WHAT TO WORK ON:
Begin at the line that has "Daiwa Type-R Red Baitcasting", stop after the line that has "Stardust Gazing Back Artwork by Rob Rey", and print exactly those lines from the records below, without any pictures.

EXTRACTED RECORDS:
────────────────

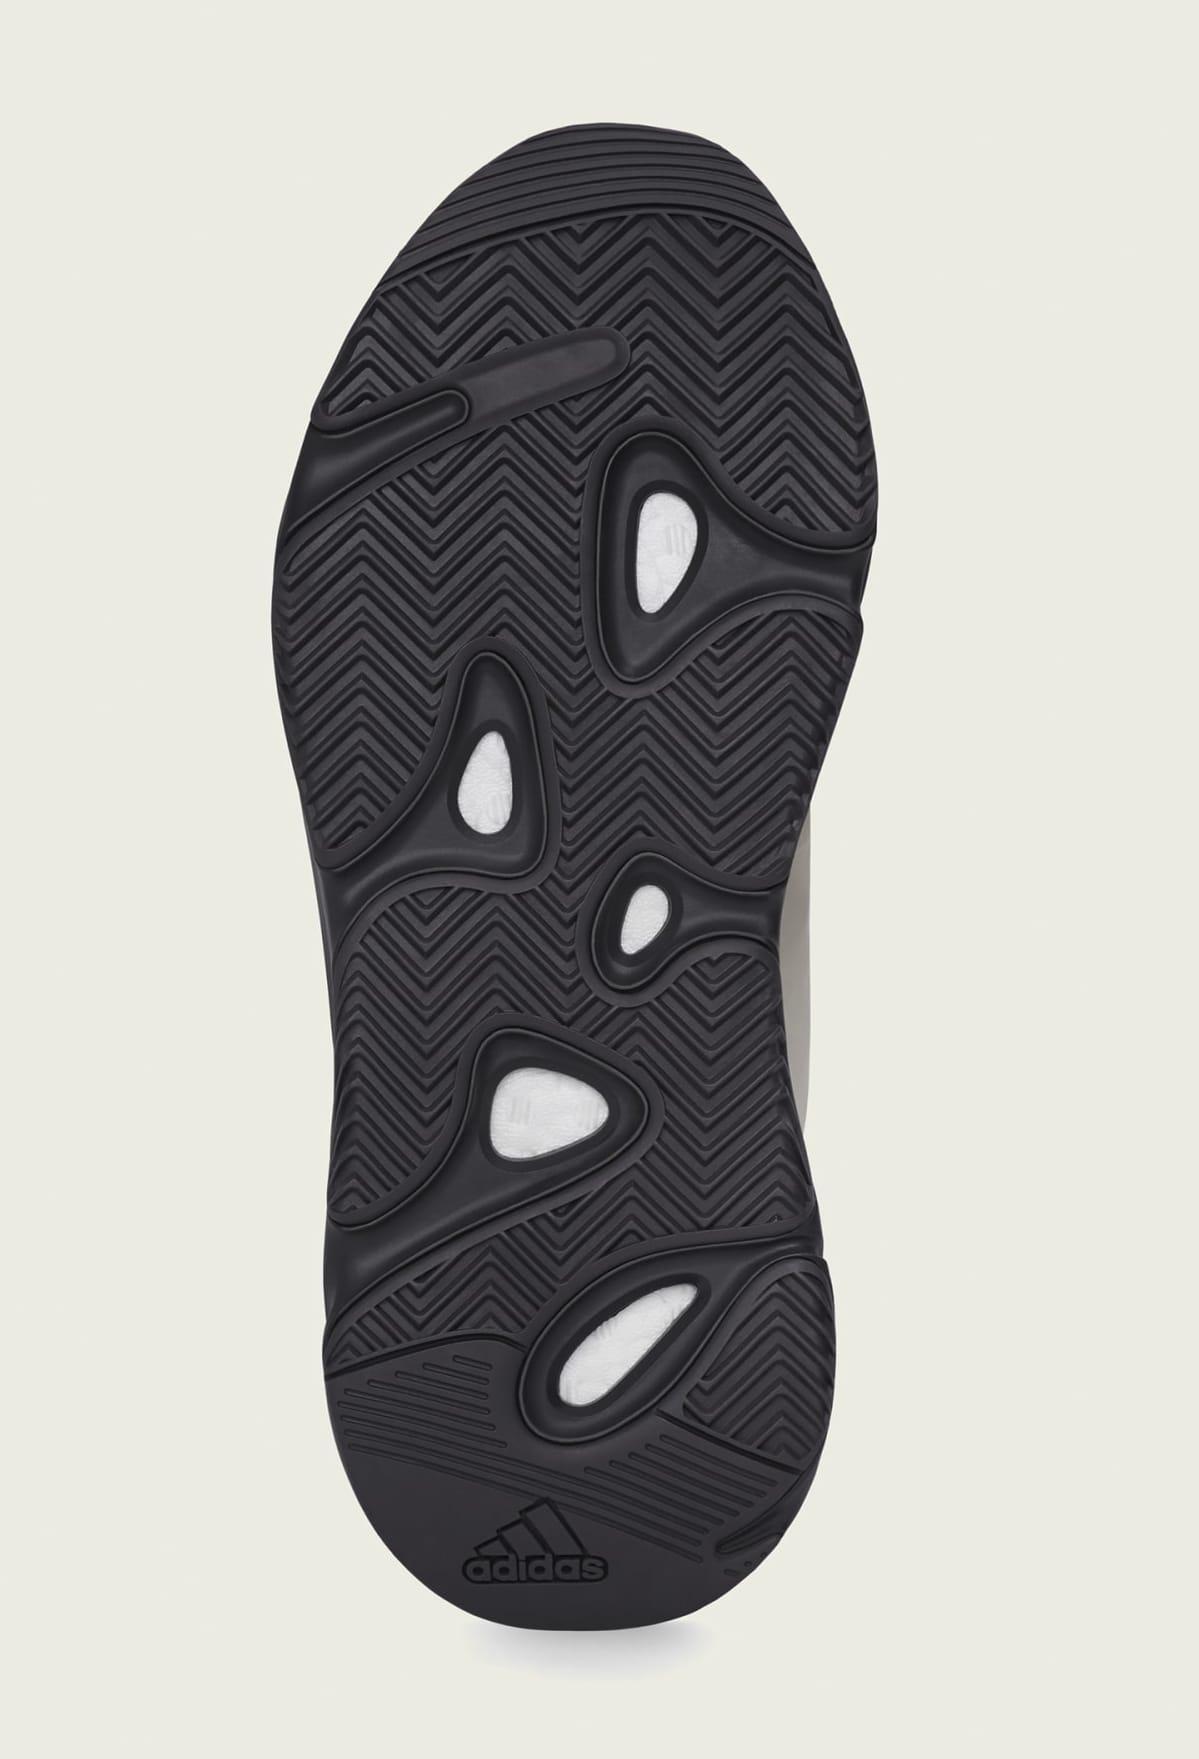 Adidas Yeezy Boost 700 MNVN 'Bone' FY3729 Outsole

────────────────

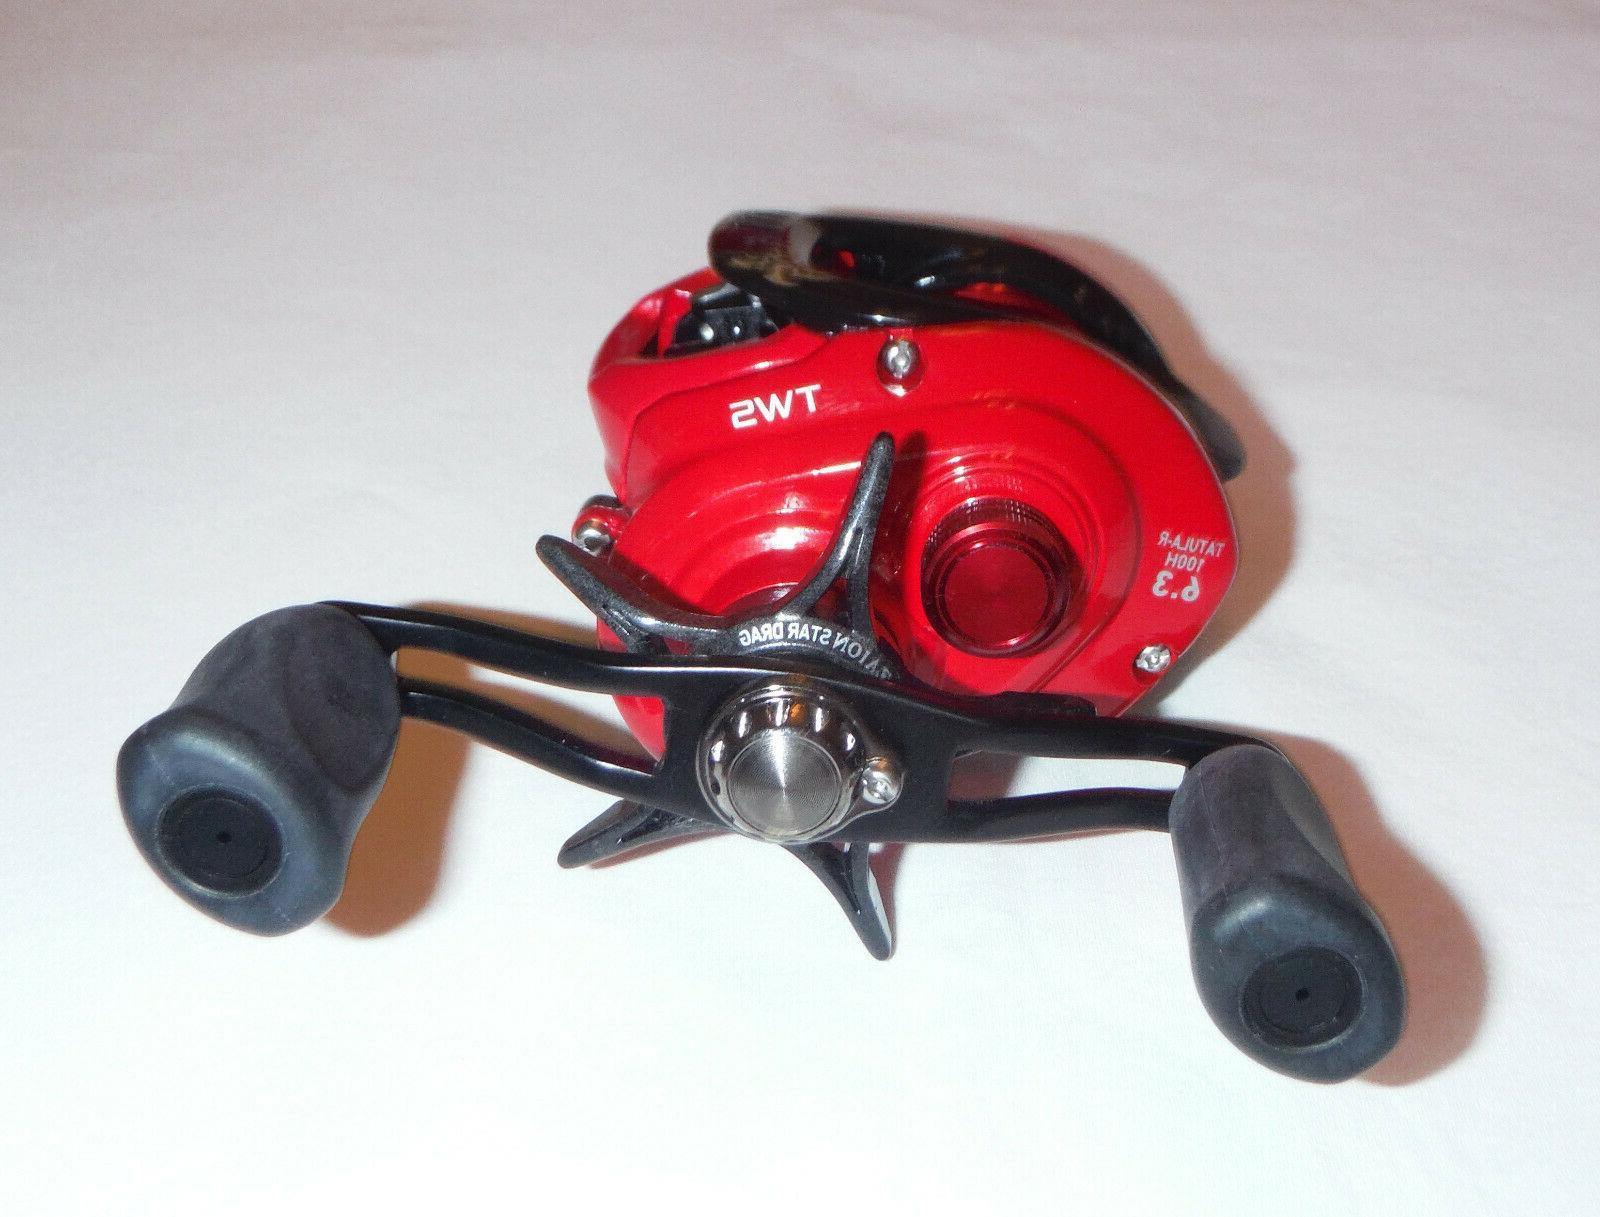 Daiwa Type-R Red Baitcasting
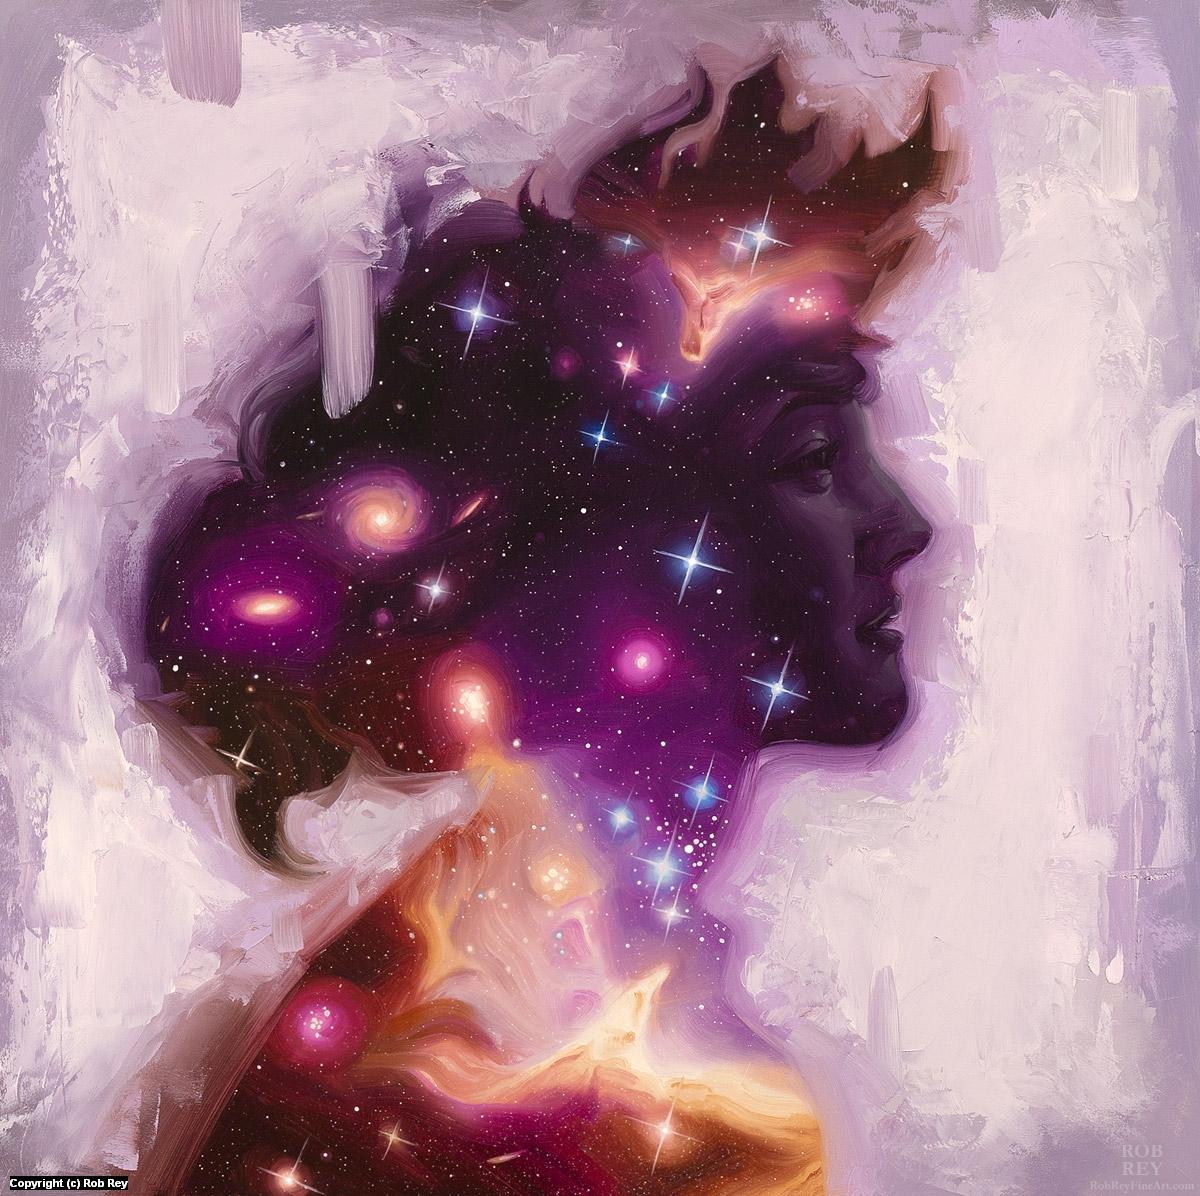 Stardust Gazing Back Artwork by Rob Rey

────────────────

SOLVED EXERCISE:
 Daiwa Type-R Red Baitcasting
 Stardust Gazing Back Artwork by Rob Rey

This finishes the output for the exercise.